The duke raised his eyebrows but did not ask for more.
“Look at Olivia,” Elena said. “She would so much rather be in the kitchen.”
It was as though Olivia had heard them. She came back from whatever interior thought had held her and walked over to them. “Do you think the apples at breakfast were sufficiently sweet or did they need more sugar?”
“Apples? Those were apples?” Gabriel said, trying for a straight face.
Olivia punched her brother in the arm and went on. “I am determined to come up with a way to prepare salmon that Beatrice will like.”
“An admirable goal, my dear,” the duke said, just as Annie Blackwood came over.

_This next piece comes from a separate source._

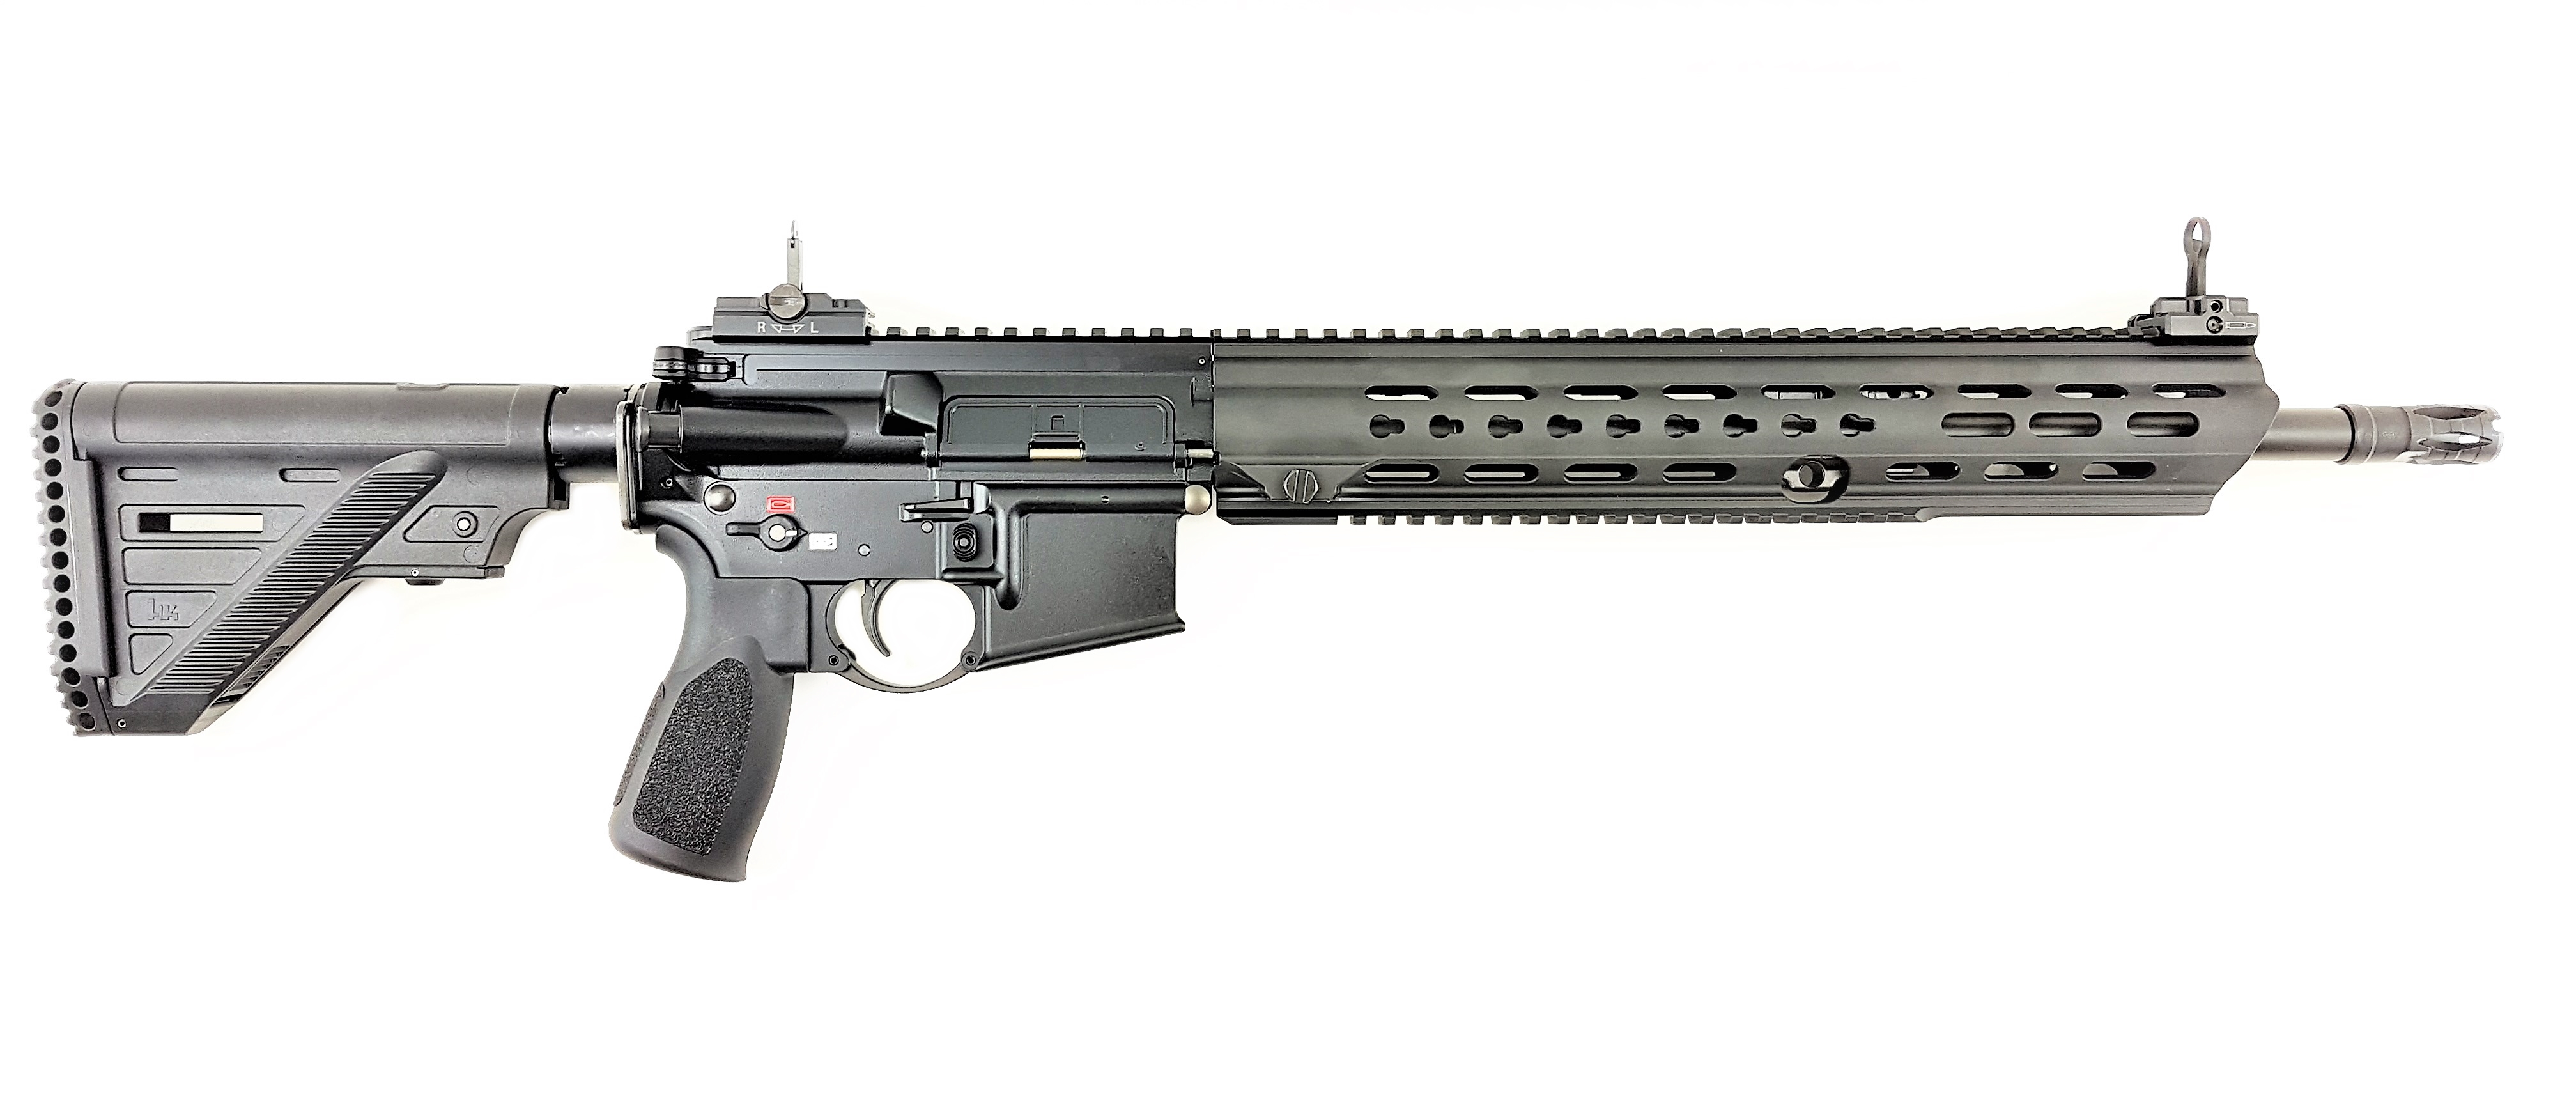 HK MR223 zivile Version des HK 416 | F.A.S.T. Onlineshop

“Lollie,” she began, “I am going to take the boys upstairs to the nursery. The night is awful and the wedding is first thing in the morning. They can stay here tonight. All right?”
“What a good idea. I’ll help you. Where is Michael? He promised to show Gabriel’s children some magic tricks if they behaved.”
“And you call that behaving?” Annie asked, just as two boys nearly toppled a bust on a stand.
“I do indeed,” Olivia said without pause. “The statue did not fall and no one was injured.”
Olivia and Annie went to collect the children, leaving the duke and his duchess alone again.
Elena leaned close to her husband and whispered, “Look at Mia. She is saying something for David alone. You know he is going to give her one of those chastening looks and she is going to do nothing but laugh at him, which will make him laugh in turn. I have never known a couple who could make bickering seem romantic.”